Test environment for empirical observations:
window.navigator.userAgent=
Mozilla/5.0 (X11; Ubuntu; Linux i686; rv:11.0) Gecko/20100101 Firefox/11.0
PS. the script
for (i=1; i > 0; ++i);
will eventually trap on an overflow error when i exceeds the maximum value allowed.
Most browsers have a "slow script performance" warning that comes up when an out of control javascript is taking a very long time to execute. This warning dialog usually gives the option to kill the offending script.
Depends on the browser. Some let you click the "stop" button to stop javascript execution. Others don't.
I suggest the best way is to just kill the browser or tab entirely.
In Firefox
Go to Developer Tools > Debugger, and click pause button.
In Chrome
Go to Developer Tools > Sources, and click pause button.
most decent browsers do show an "unresponsive script" warning... If not, I guess your best course of action would be to find out why the warning is not popping up.

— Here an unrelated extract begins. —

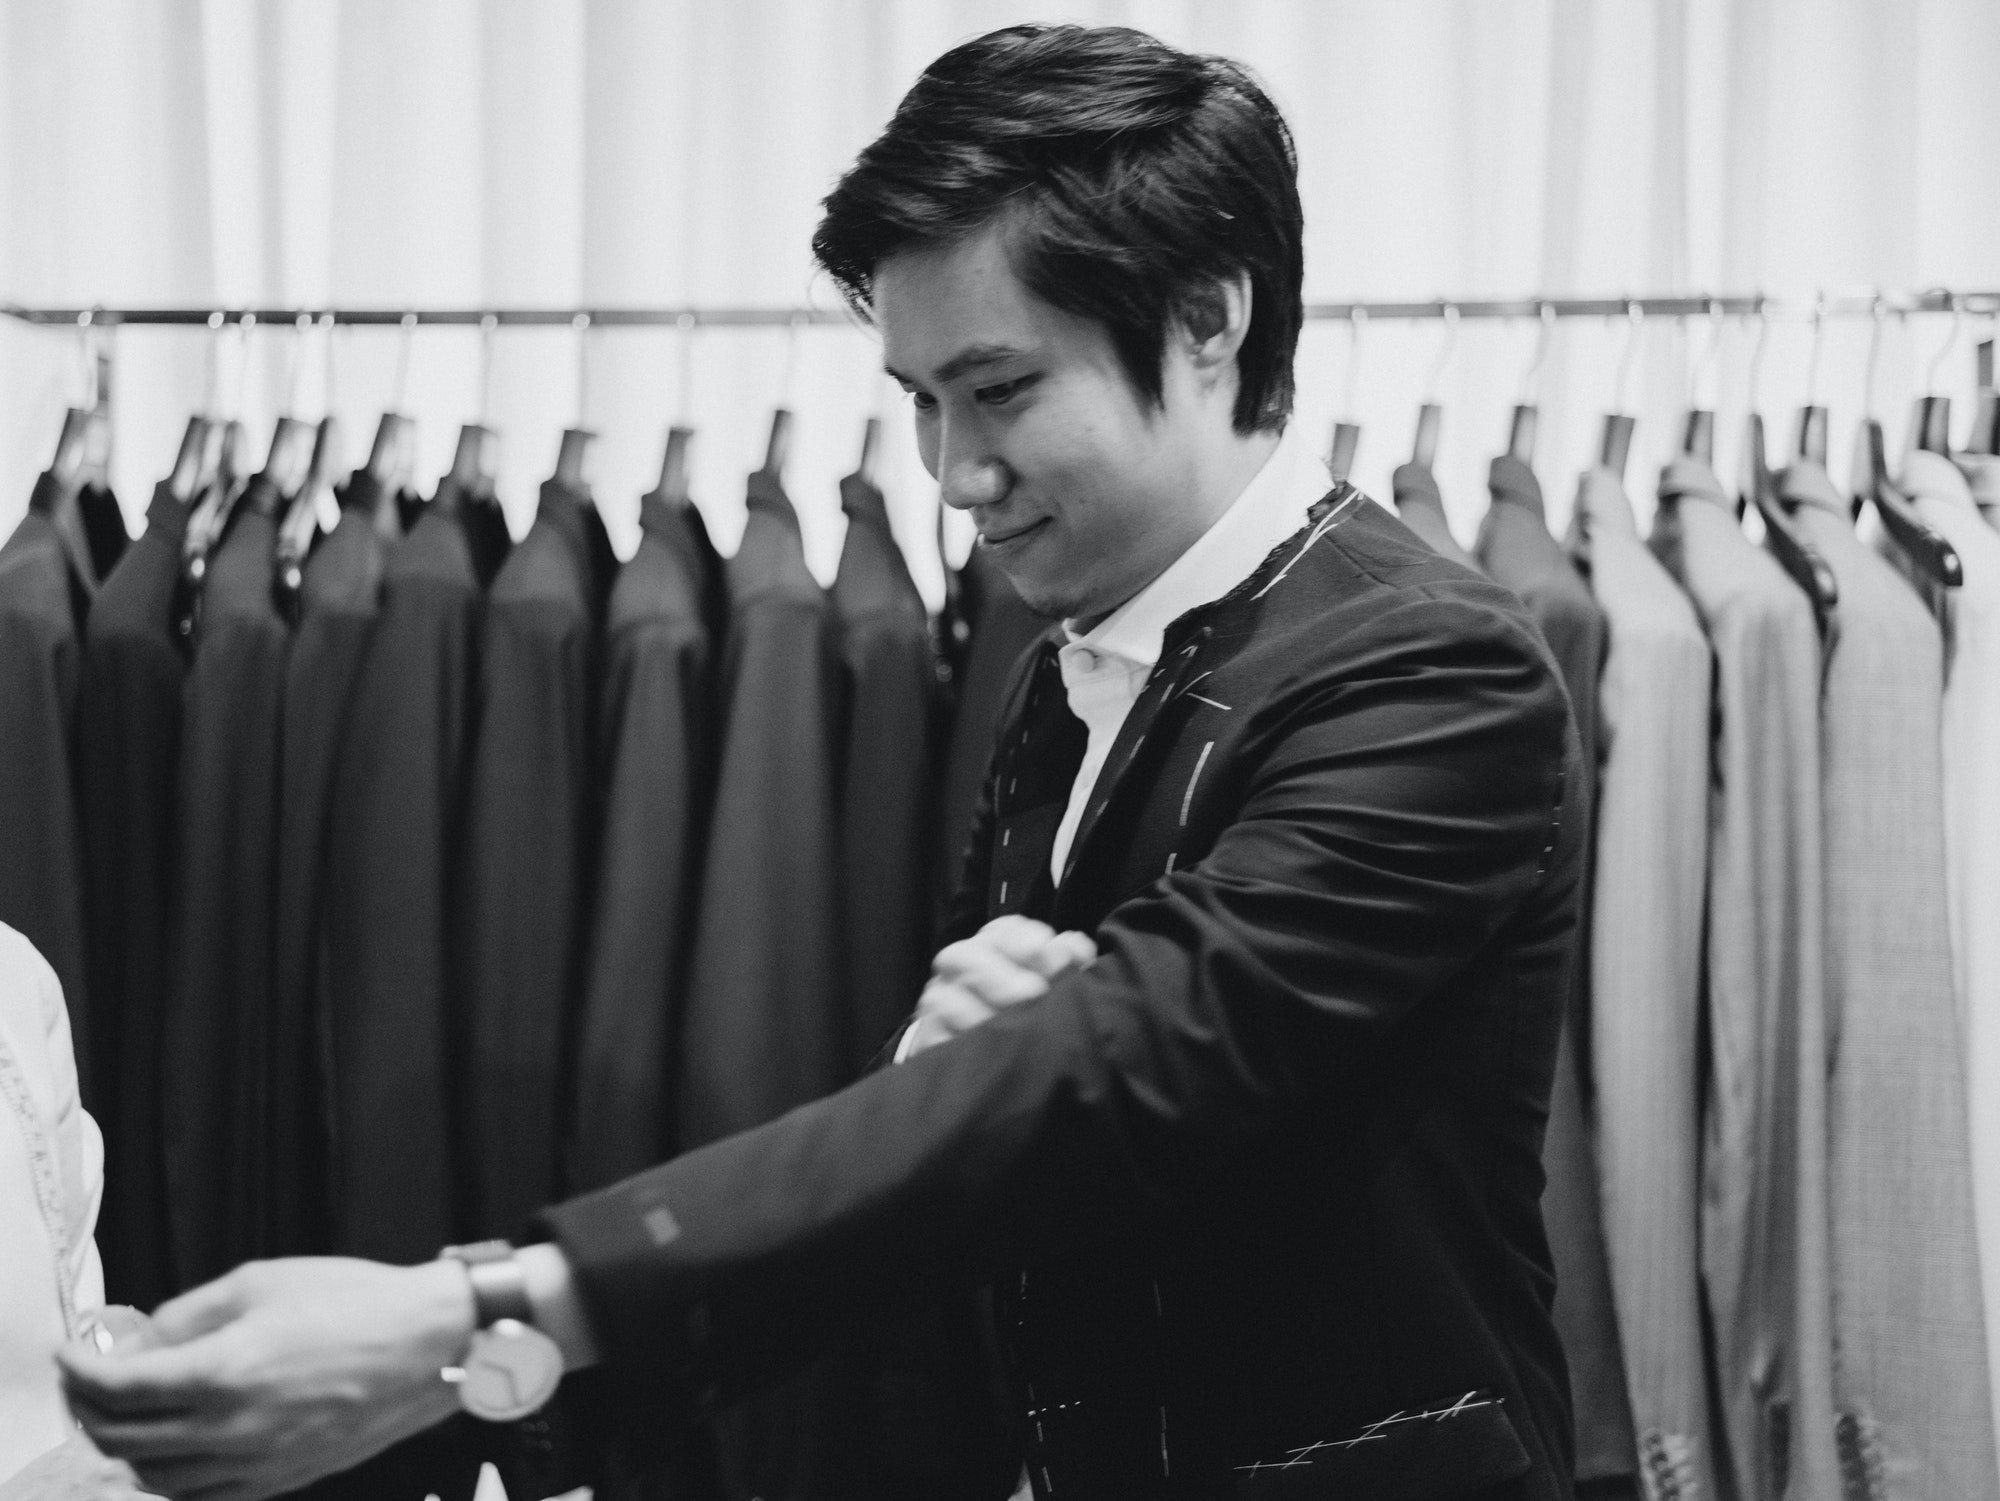 Groom fitting tuxedo

From https://superuser.com/questions/92617/stop-never-ending-popup-alerts-in-firefox#comment93927_92617, by anonymous:
This isn't a satisfactory general-purpose solution, but with Greasmonkey (or maybe Ubiquity or Jetpack) you could overwrite window.alert with a function that calls window.confirm and optionally throw(s) an error, stopping all script execution, or toggles a flag to stop alerts. That might be useful if a site you keep going back to presents this behavior.
What I do when using Chrome and this happens is hitting shift+ctrl+esc to bring up the windows taskmanager. Then switch to the processes-tab and scroll through the chrome.exe processes(chrome has one process for each open tab) till I find one with significantly higher cpu usage than the oters. It tends to have around 30% for me while all others have like 0-2%
Then I'll just end that process.
Actually the same can be done by going to tools>taskmanager or shift+esc in chrome to open its custom taskmanager for its processes. Might be easier to use that since it shows more info of the tabs.
Last resort: close the browser from the OS. I had good results closing Chrome from the taskbar in Windows 10 while an infinite loop ran. If that didn't work I would have killed the browser in Task Manager as above. On other OS's, of course the exact technique would vary.
Infinite recursions are less a problem. All systems I've seen limit the size of the execution stack, and interrupt with a runtime error eventually once infinite recursion leads to stack overflow (no pun intended).